一般情况下，直接使用 explode 即可，也可以根据需要结合 lateral view。

使用：
  
-- 准备数据：
    001,allen,usa|china|japan,1|3|7
    002,kobe,usa|england|japan,2|3|5

-- 创建表和导入数据
    create table test_message (id int,name string,location array<string>,city array<string>) row format delimited fields terminated by "," collection items terminated by "|";
    load data local inpath "数据文件的路径" into table test_message;

-- 查看元素
    select explode(location) from test_message;


注意：
select name,explode(location) from test_message; 报错
当使用UDTF函数的时候,hive只允许对拆分字段进行访问的。

结果：

5.2 lateral view函数（列转行）

lateral view为侧视图，意义是为了配合UDTF来使用，把莫一行数据拆分成多行数据，不加lateral view的UDTF只能提取单个字段拆分，并不能塞回原来数据表中，加上lateral view就可以将拆分的单个字段数据与原始表数据关联上。

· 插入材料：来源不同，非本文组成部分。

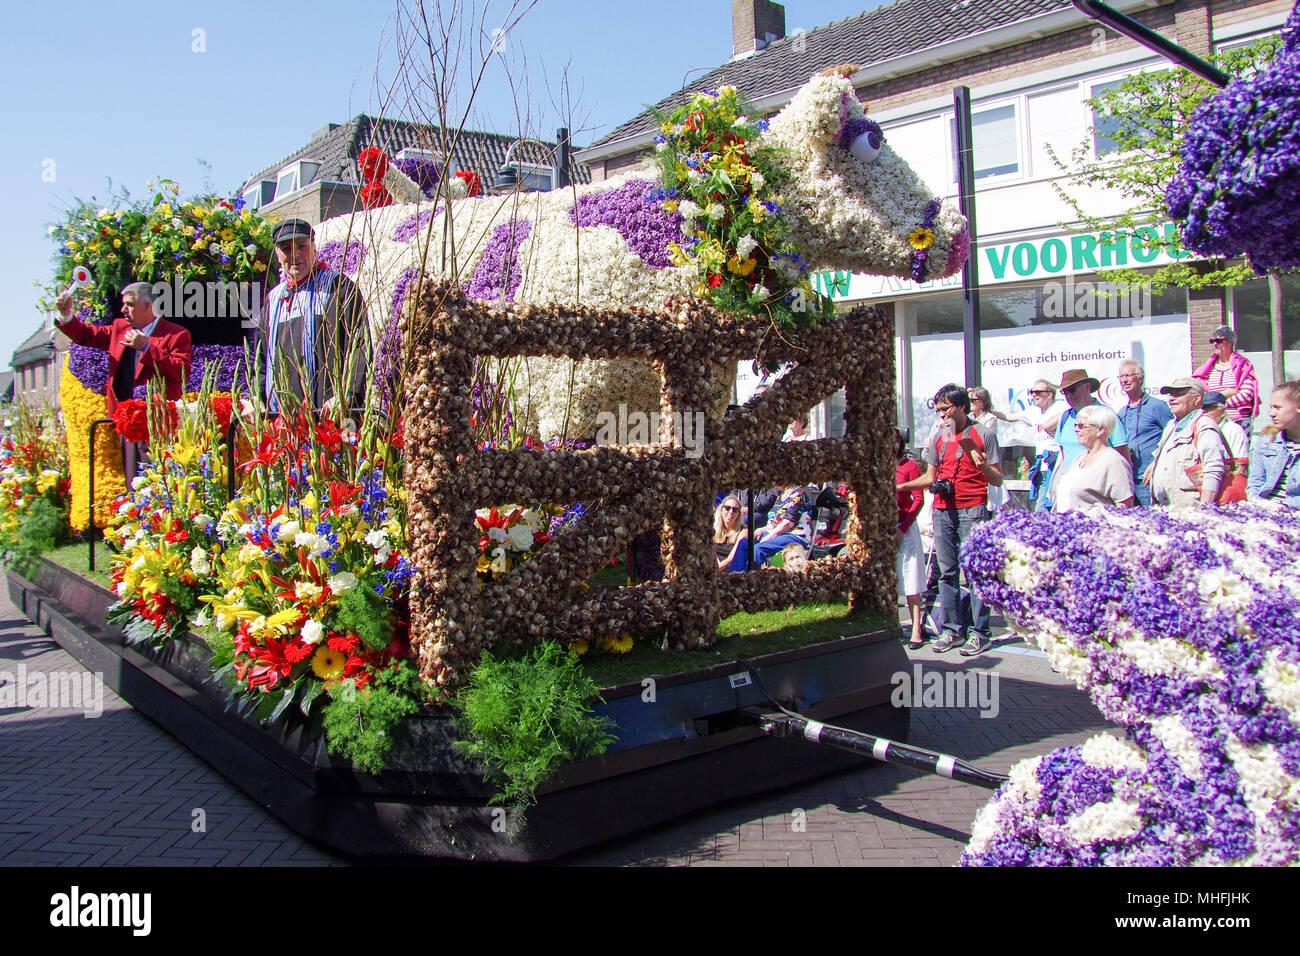 Une fleur flotter en passant par Voorhout, village de la

注意：在使用lateral view的时候需要制定视图别名和生成的新列别名

-- 如果不加lateral view  就会只是提取单个字段的数据对其进行拆分

-- 如果加入lateral view的时候就可以将拆分的单个字段的数据和源数据进行关联

eg:
    select * from 真实表名 lateral view explode(loction) 虚拟表的别名; 

    select t.id,t.name,subview.aaa from test_message t lateral view explode(location) subview as aaa;

结果：

5.3 行转列多行转单列

需要使用的hive内置函数

concat_ws(参数1，参数2，参数3.。。。。)用于进行字符创的拼接拼接的时候每个参数的中间使用参数1的内容进行分割

collect_set(col3)

他的主要作用就是将某字段的值进行去重汇总，产生array类型的字段，如果不想去重可用 collect_list（）


数据：

a,b,1
a,b,2
a,b,3
c,d,4
c,d,5
c,d,6
创建表：
create table row2col_1(col1 string,col2 string,col3 int) row format delimited fileds terminated by ',';
加载数据：
load data local inpath '文件路径' into table row2col_1;

select collect_set(col3) from row2col_1；
--将col3的所有数据放到一个集合中（去重）
[1,2,3,4,5,6]

select collect_set(col3) from row2col_1 group by col1,col2;
--根据col1,col2进行分组，只有第一列和第二列都相同，认为是同一组
[1,2,3]
[4,5,6]
select col1,col2, collect_set(col3) from row2col_1 group by col1,col2;
--行转列
a    b    [1,2,3]
c    d    [4,5,6]

select col1,col2, concat_ws(',',collect_set(cast(col3 as string))) as col3 from row2col_1 group by col1,col2;

a    b    1,2,3
c    d    4,5,6
cast(col3 as string)
collect_set(字符串类型的col3)
concat_ws(',',['col3'])

5.4 reflect函数

reflect函数可以支持在sql中调用java中的自带函数，秒杀一切udf函数

5.4.1 使用java.lang.math当中的max求两列中最大值

-- 创建表
    create table test_udf(col1 int,col2 int) row format delimited fields terminated by ',';

-- 准备数据

    test——udf.txt
    1,2
    4,3
    6,4
    7,5
    5,6
--加载数据

load data local inpath 'test——udf.txt在本地的路径' into table test_udf;

-- 求最大值

select reflect("java.lang.Math","max",col1,col2) from test_udf;

    --1.使用java中的哪个类
	--2.类中的方法
	--3.方法中的参数

5.4.2 不同记录执行不同的 java 内置函数

-- 创建表
 create table test_udf2(class_name string,method_name string,col1 int,col2 int) row format delimited fields terminted by ',';

--准备数据 test_udf2.txt
java.lang.Math,min,1,2
java.lang.Math,max,2,3

--加载数据
 load data local inpath 'test_udf2.txt文件所在的路径' into table test_ud2;

-- 执行查询

select reflect(class_name,method_name,col1,col2) from test_udf2;

6 、json 数据解析（原声的js对象）

json数据解析总的来说有两方式来做；

1、将json数据已字符串的方式整个入hive表，然后通过使用udf 函数解析已经导入到hive中的数据，比如使用 LATERAL VIEW json_tuple 的方法，获取所需要的列名。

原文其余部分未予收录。